The Aggregation Framework is simply a framework like any other framework such as the React and Vue.js frameworks for JavaScript applications. Although, the Aggregation Framework has its unique purpose, that is, what it is used for. 

The Aggregation Framework in MongoDB is used for running various analyses on several MongoDB Collections. Analyses like filtering some data from a given Collection in the database and performing operations on the data like getting the data based on some conditions that may be defined in Stages called Aggregation Stages. The Aggregation Framework performs these analyses via the Aggregation Pipeline. 
Look at the illustration below, which shows a typical representation of the Aggregation Pipeline.

From the illustration above, you can see that the Aggregation Pipeline works with MongoDB Collections by accepting a single MongoDB Collection and passing this Collection through some or multiple stages. With these stages, you can perform operations on the Collection. As the Pipeline name implies, the document from the collection is taken as an input from one stage and is passed into the next stage in the Pipeline as an input. 

At the end of the Pipeline, there will be just one output which is then transformed or Aggregated data!
One of the functionalities of the Aggregation Pipeline is the ability to process the data from a given MongoDB Collection and not necessarily save the result in the Collection but perform more processes/analysis on the data and return the desired result (Aggregated data).
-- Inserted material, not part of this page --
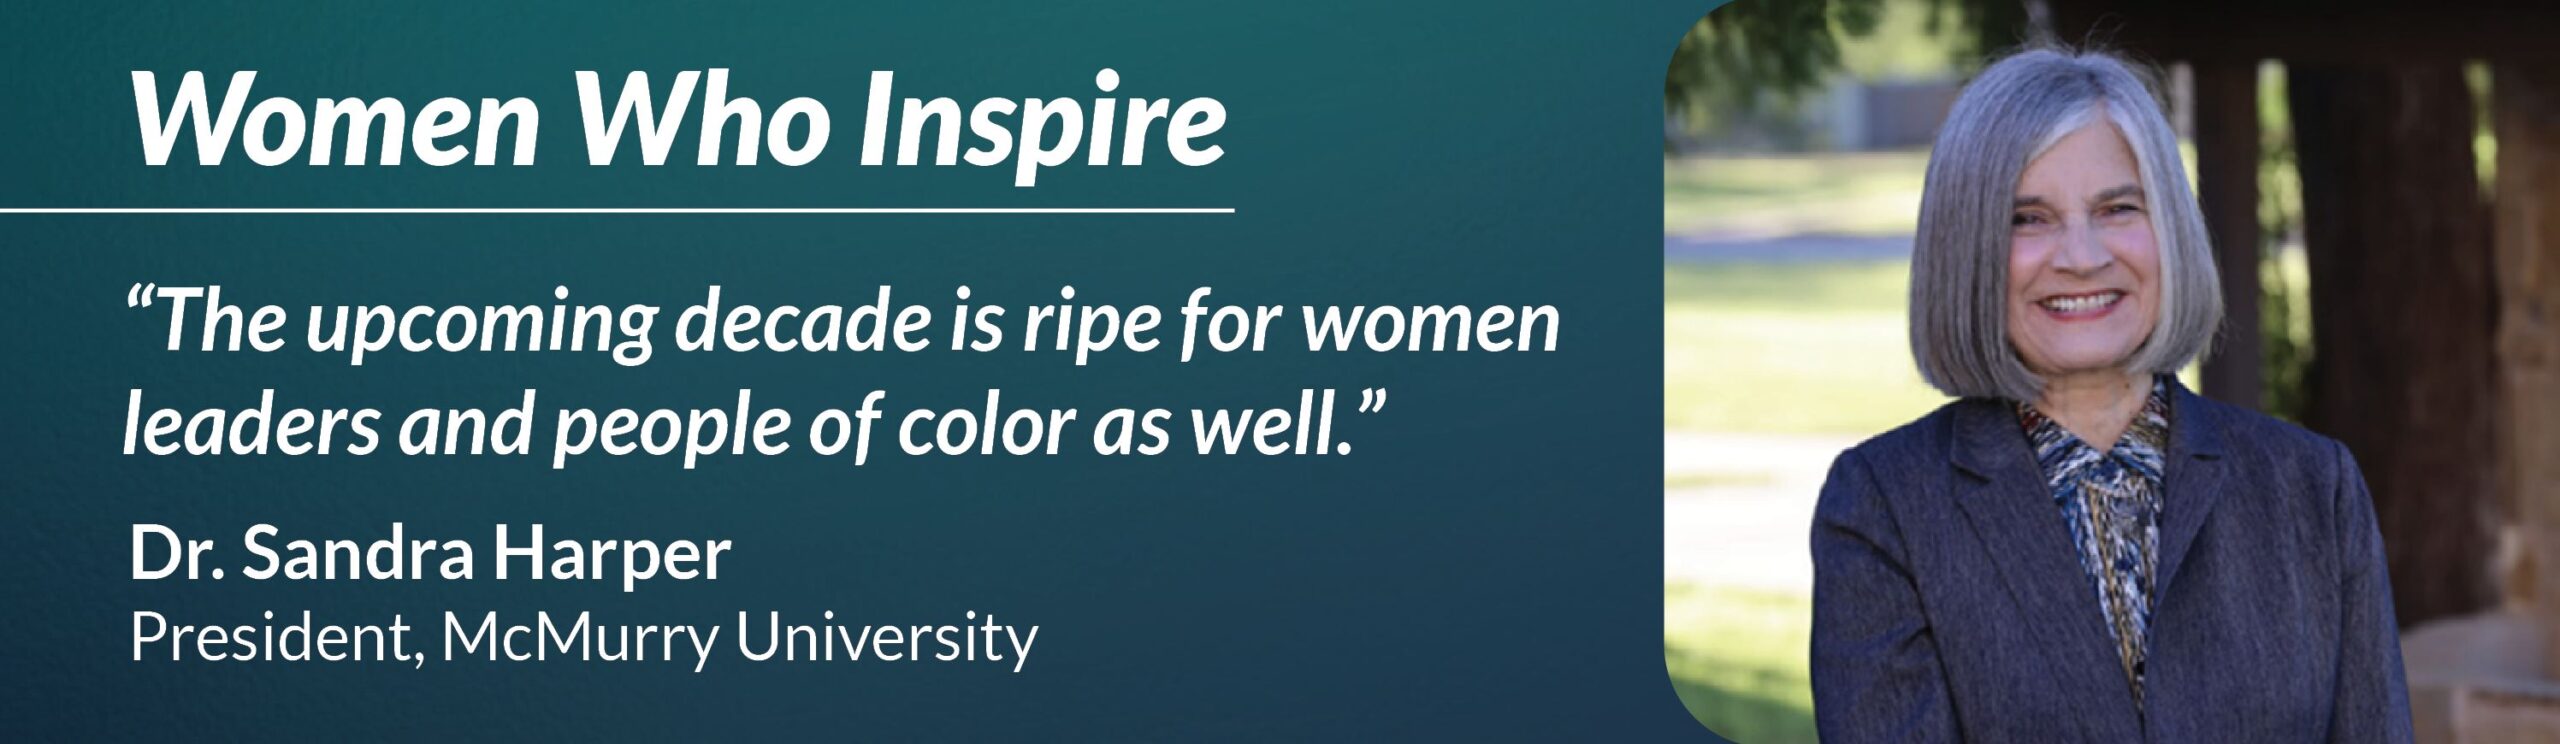 Women Who Inspire Dr. Sandra Harper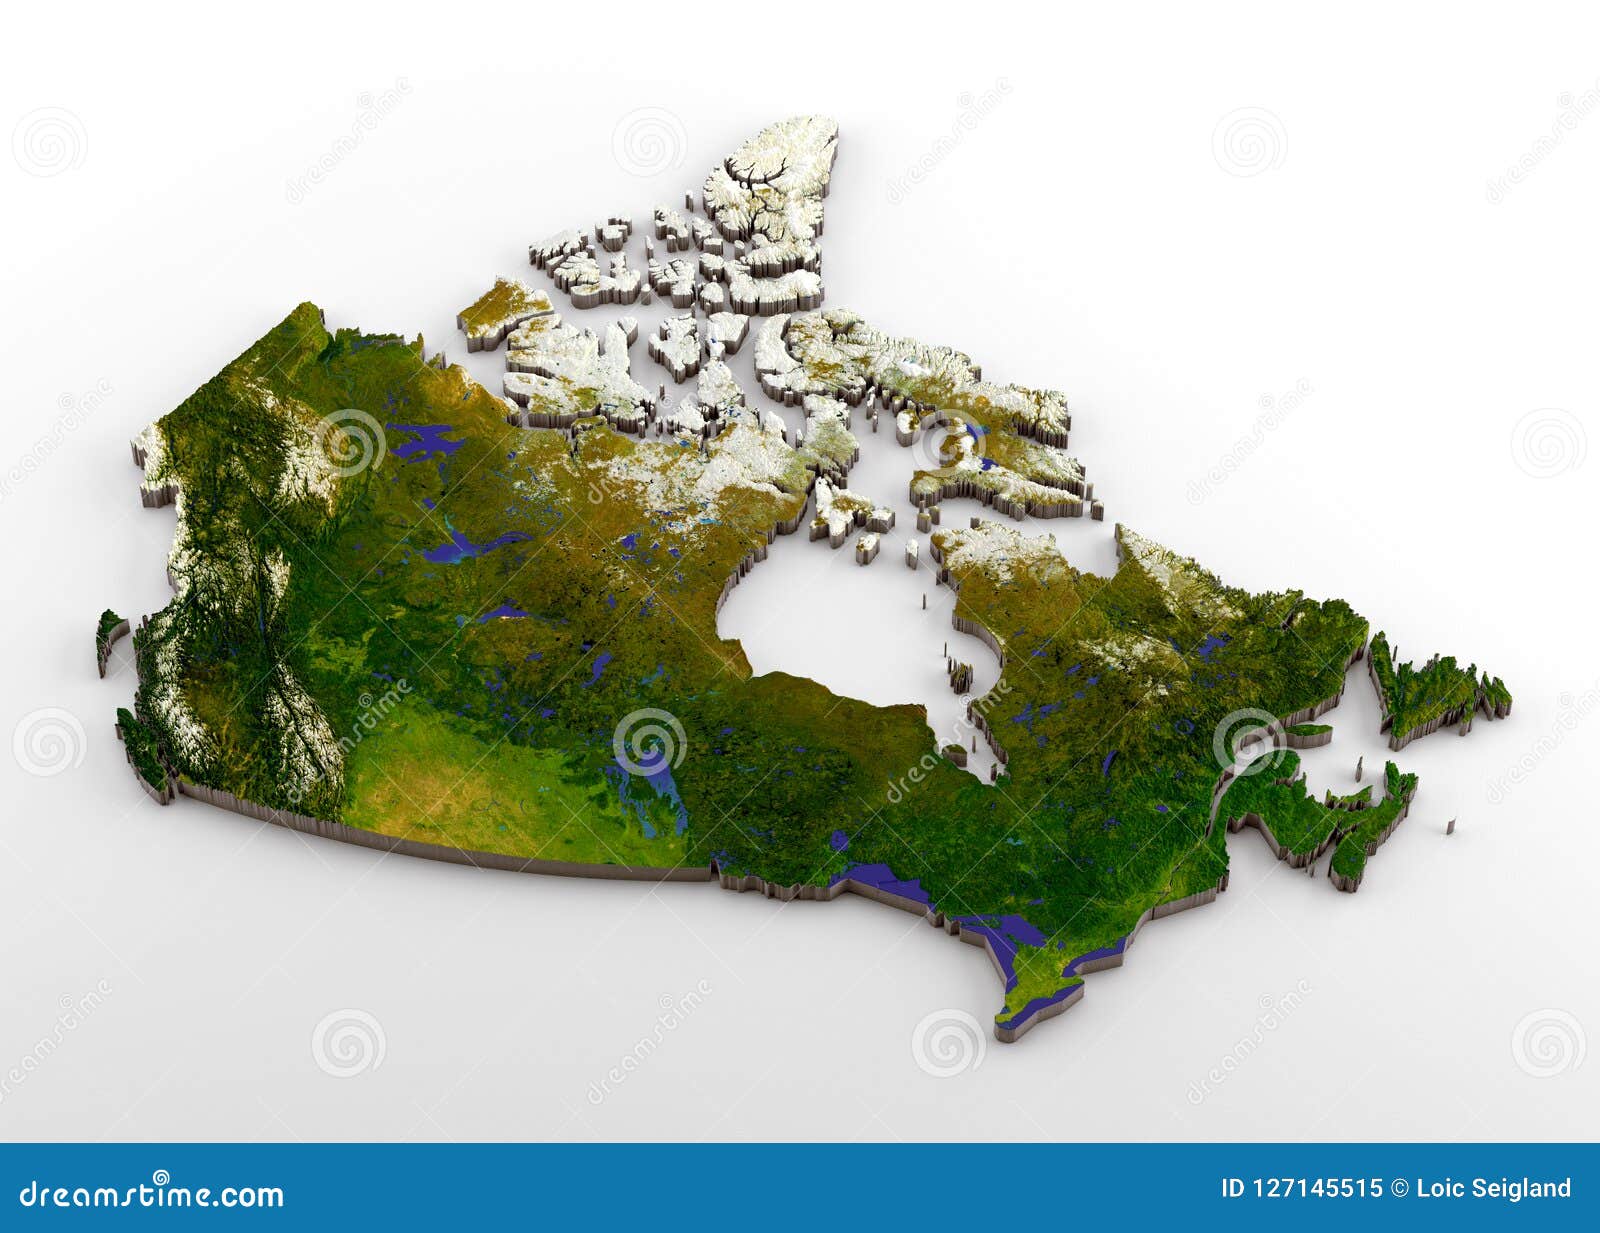 Канада 3. Карта Канады 3д. Рельефная карта Канады. Рельеф Канады карта. 3d физическая карта.

Real World Use Cases Of the Aggregation Pipeline

There are many areas where the Aggregation Pipeline can be applied. These areas of application are what I refer to as the use cases of the Aggregation Pipeline. An application area or use case of the Aggregation Pipeline is in a real-world application that involves Users’ Transactions. 

In building this real-world application, there may be a challenge with data fetching.

For instance, this application is built with a database, and let’s assume MongoDB is the database that is used to store data for this application. MongoDB deals with Collections, and so for this application, we have two Collections. One Collection is for the Users and the second Collection is for the Transactions performed on the application by the Users. 

If this application is been built by you, you will need to keep track of which of the Users perform Transactions on your application! To be able to keep track of the Transaction processes done by Users on your application, you will have the documents in your Transaction Collection linked to the Users in the Users Collection, by the User ID.
Next, you have the User Collection in your application’s database, which is an independent Collection. Then, you have the Transaction Collection which is a dependent Collection that is dependent on the User Collection.

If you have a view on the frontend of your application that will show the Transactions as well as the Users that performed the Transactions, with the Users’ information and not only the Users’ ID, you will need to be able to pull Transactions. Then, those Transactions will pull the Users’ information!

In this case, you will need to create an Aggregation Pipeline that will analyze the data in your database and return your desired result or Aggregated data. 

First, you will create an Aggregation Pipeline that pulls the Transaction. Then, the Aggregation Pipeline created will pull the Users that performed those Transactions while appending the Users’ details to the Transaction Collection.

Now that you have a fully modified document with all the details of the data that you need, you do not need to call Transaction first, or to begin a search for the Users in the Users Collection one by one. So, the Aggregation Pipeline does everything for you, that is, it gets the Transaction and the Users’ information from the Collection. Then, you can get that Aggregated data result to the front-end of your application!

Let’s get more practical and write some code!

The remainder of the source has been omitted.